Just last week, the federal government and health insurers announced a new partnership to work together to reduce health care fraud and abuse. And in recent months, the Centers for Medicare and Medicaid Services (CMS) has adopted new antifraud and abuse tools authorized by provisions in the Affordable Care Act and the Small Business Jobs Act of 2010. Use of these tools will enable CMS, whose contractors process millions of claims and thousands of enrollment applications every business day, to better identify fraudulent claims and suspicious providers and suppliers before–not after–they enter the programs’ payment and provider systems. This new approach is a paradigm shift from the earlier “pay and chase” model CMS used for many years.
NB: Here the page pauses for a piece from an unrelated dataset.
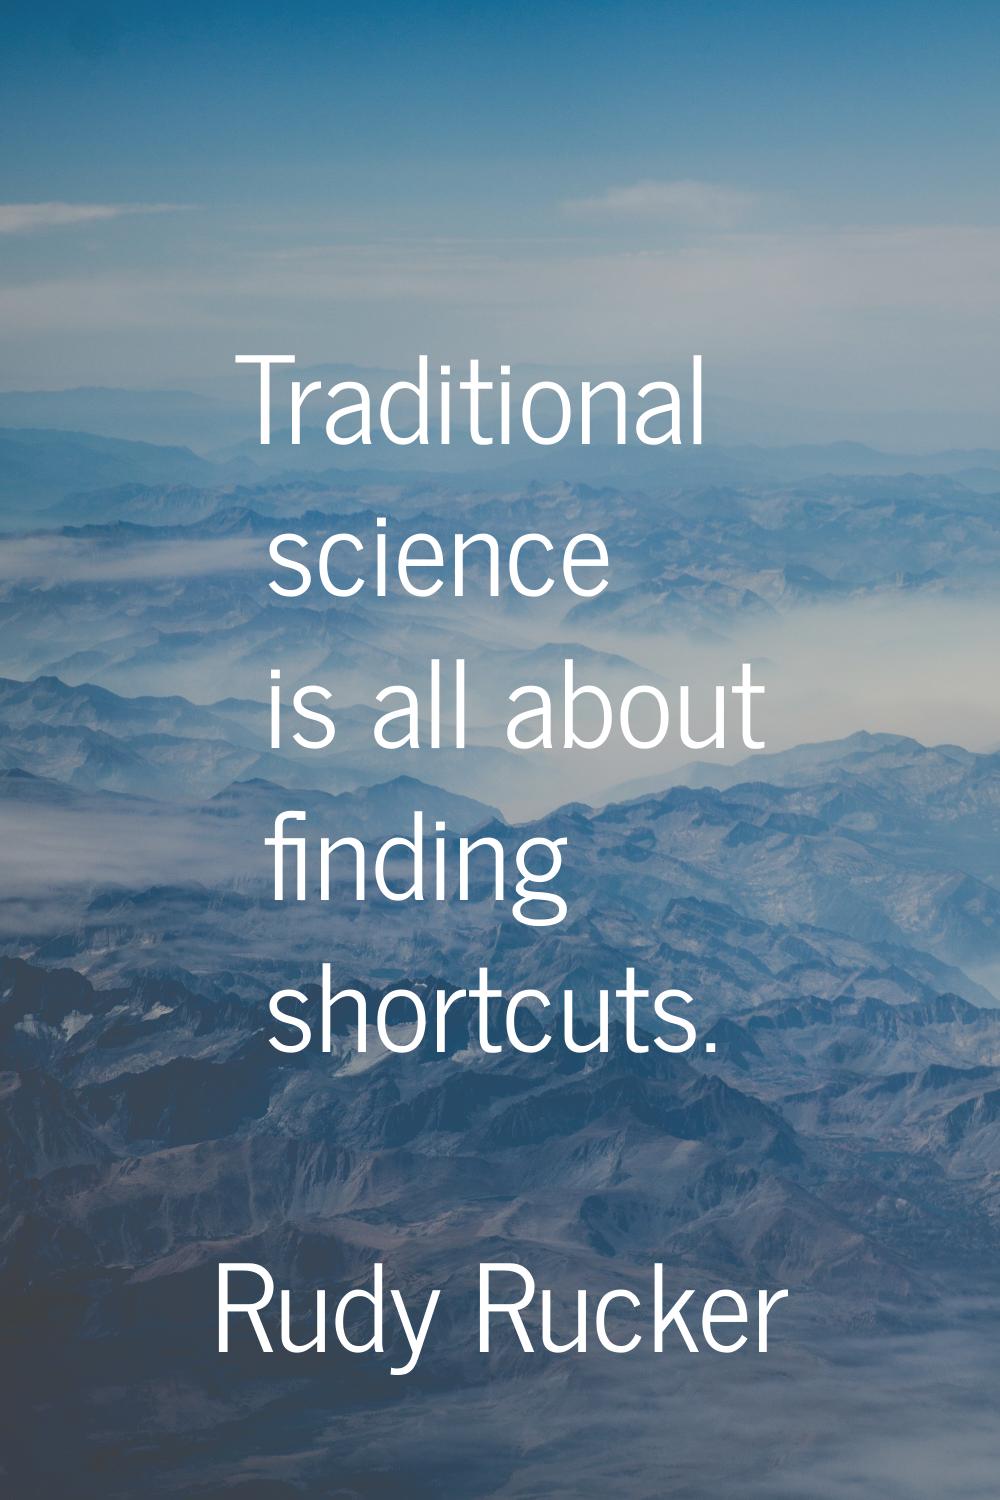 Traditional science is all about finding shortcuts.
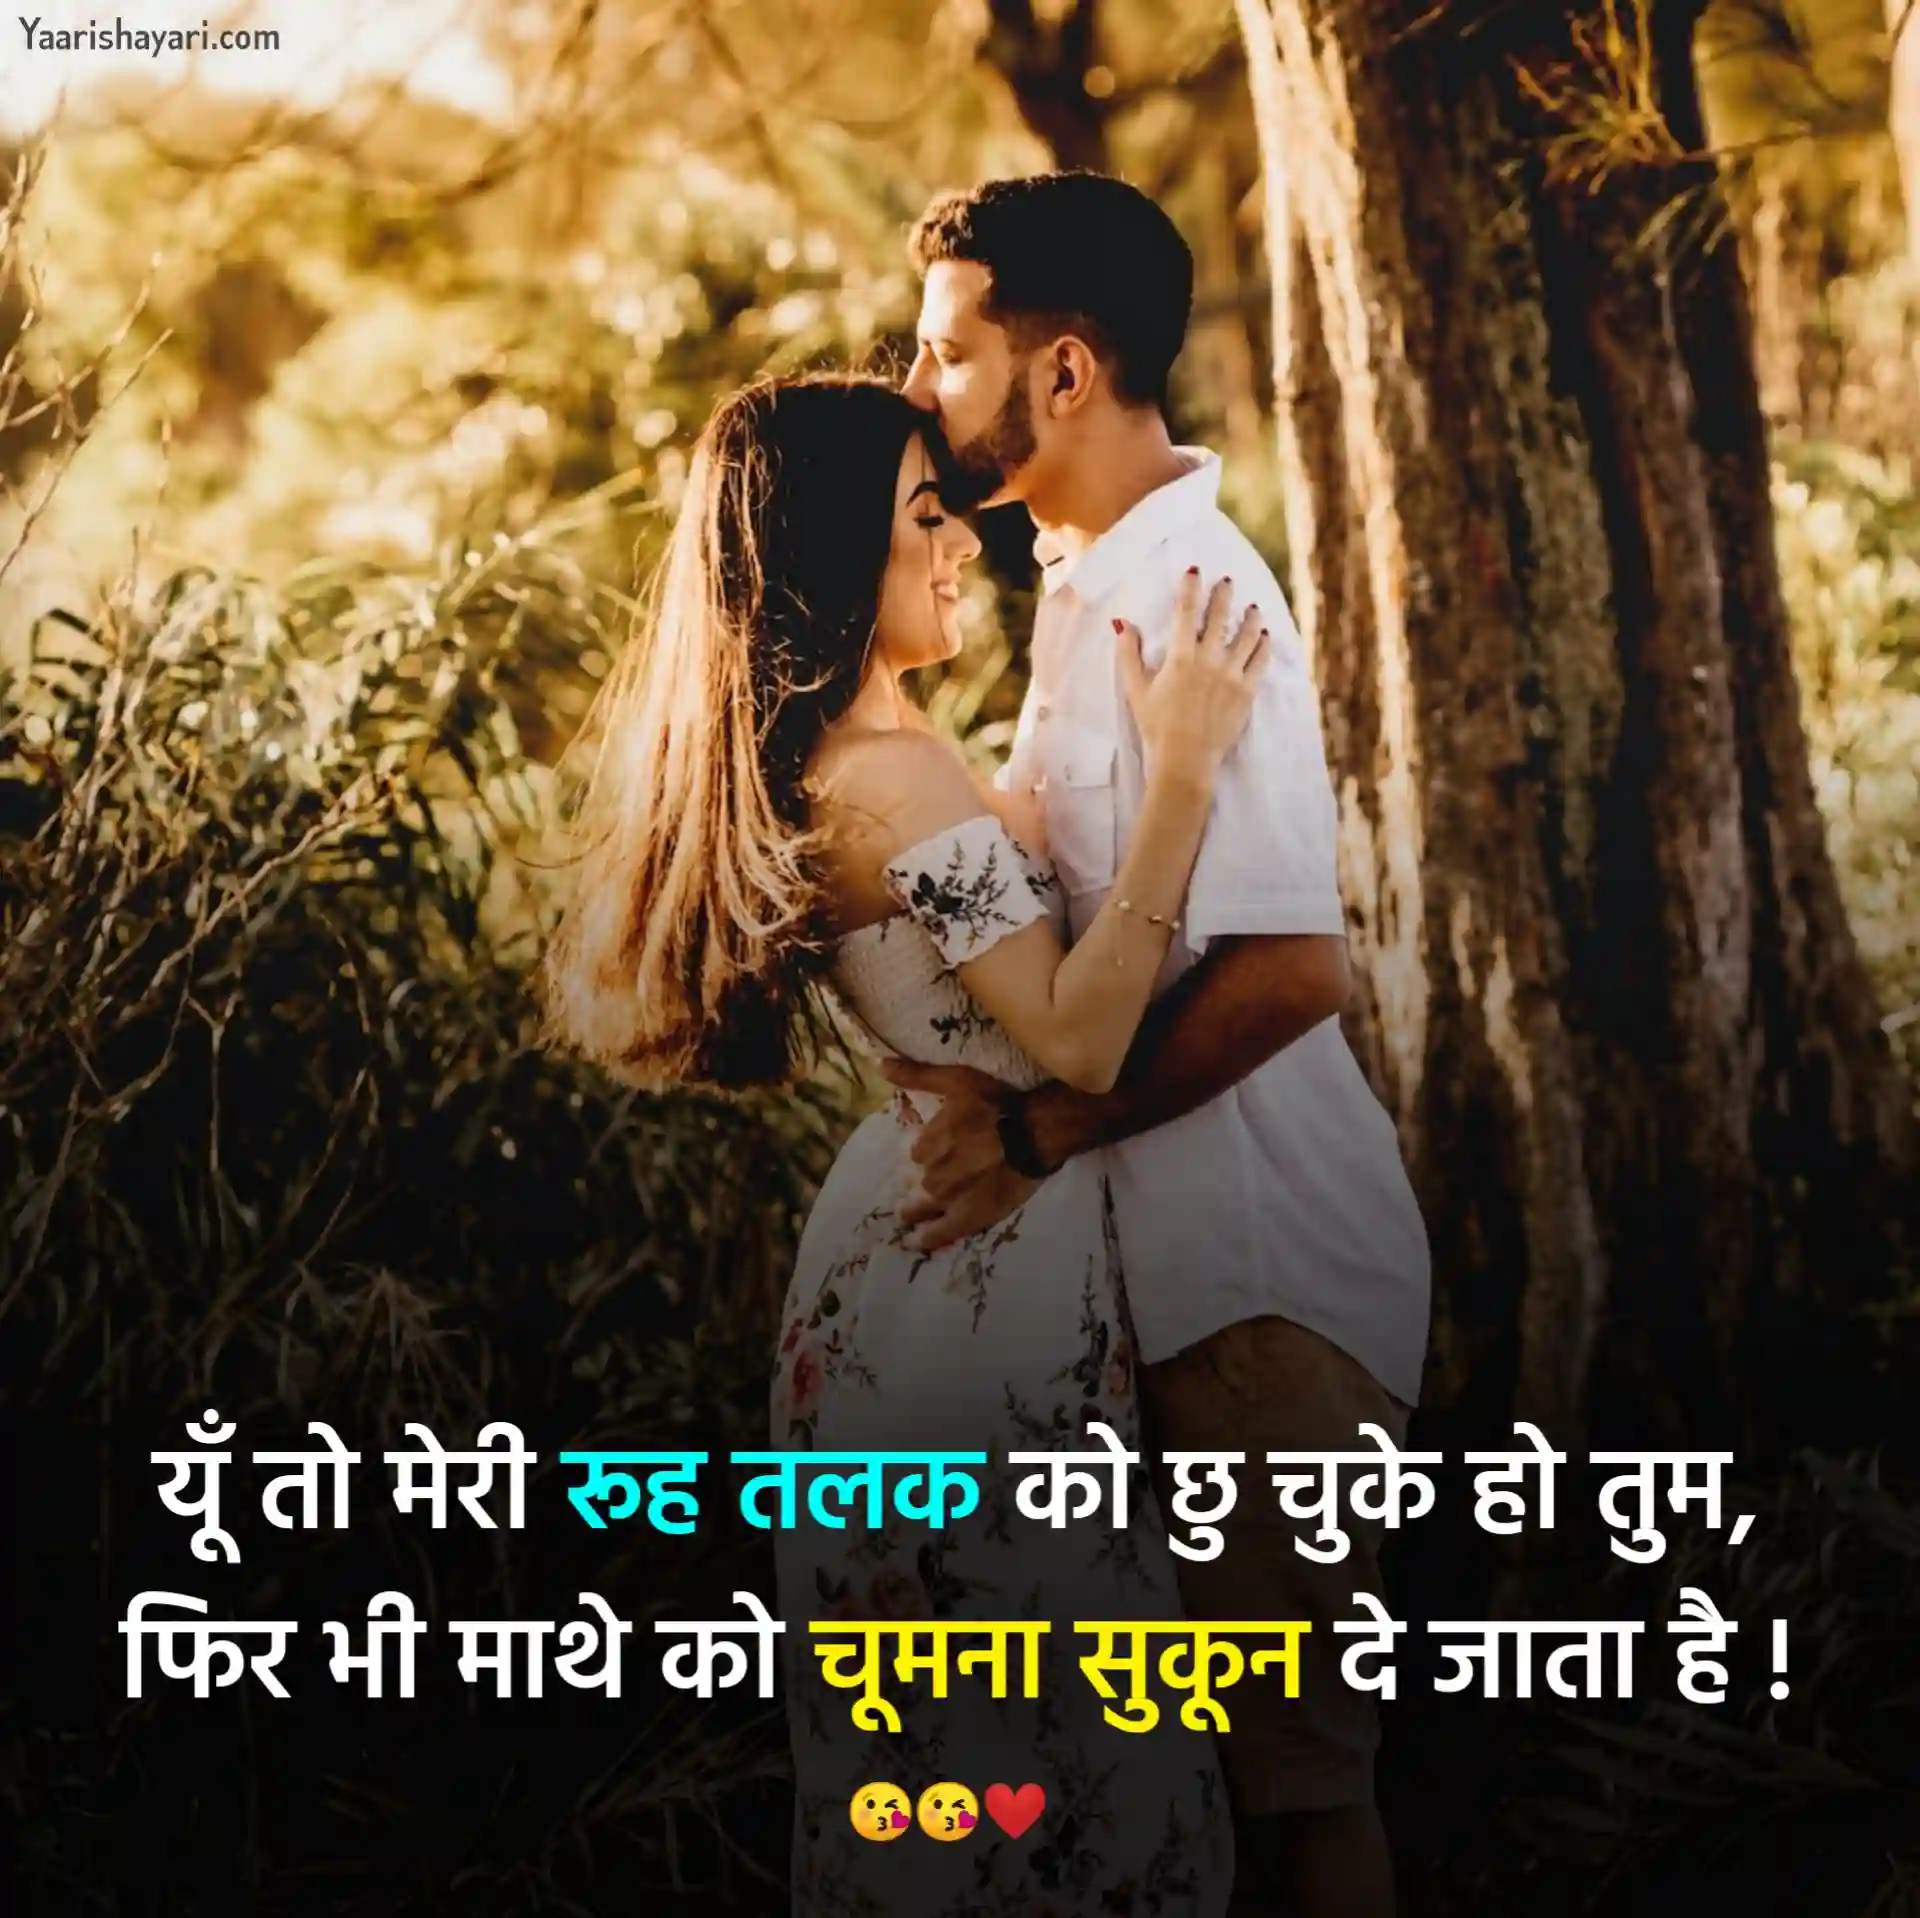 Quotes on Love in Hindi Image

Topics covered in the brief include:

* Descriptions of the new tools. CMS and its contractors now employ an advanced analytics fraud prevention system to flag suspicious claims, and a provider screening program to check licenses, verify identification, and provide cross-state database checks.

* What’s controversial about the renewed fraud and abuse crackdown? Some critics have pointed to overzealous investigators, who are paid by a contingency fee arrangement with CMS, and who are said to focus on punishing providers for technical mistakes rather than fraudulent acts. Federal oversight authorities have also criticized CMS on the ground that there is a lack of coordination among antifraud programs and that audits can be duplicative.

* Will the latest crackdowns work? In fiscal year 2011 CMS reported $4.1 billion was recovered, the highest recovery amount in a single year, but the Government Accountability Office reported in 2012 that CMS had not followed through on some antifraud initiatives it had adopted. Time and more sophisticated analytics may be needed before significant progress becomes a reality.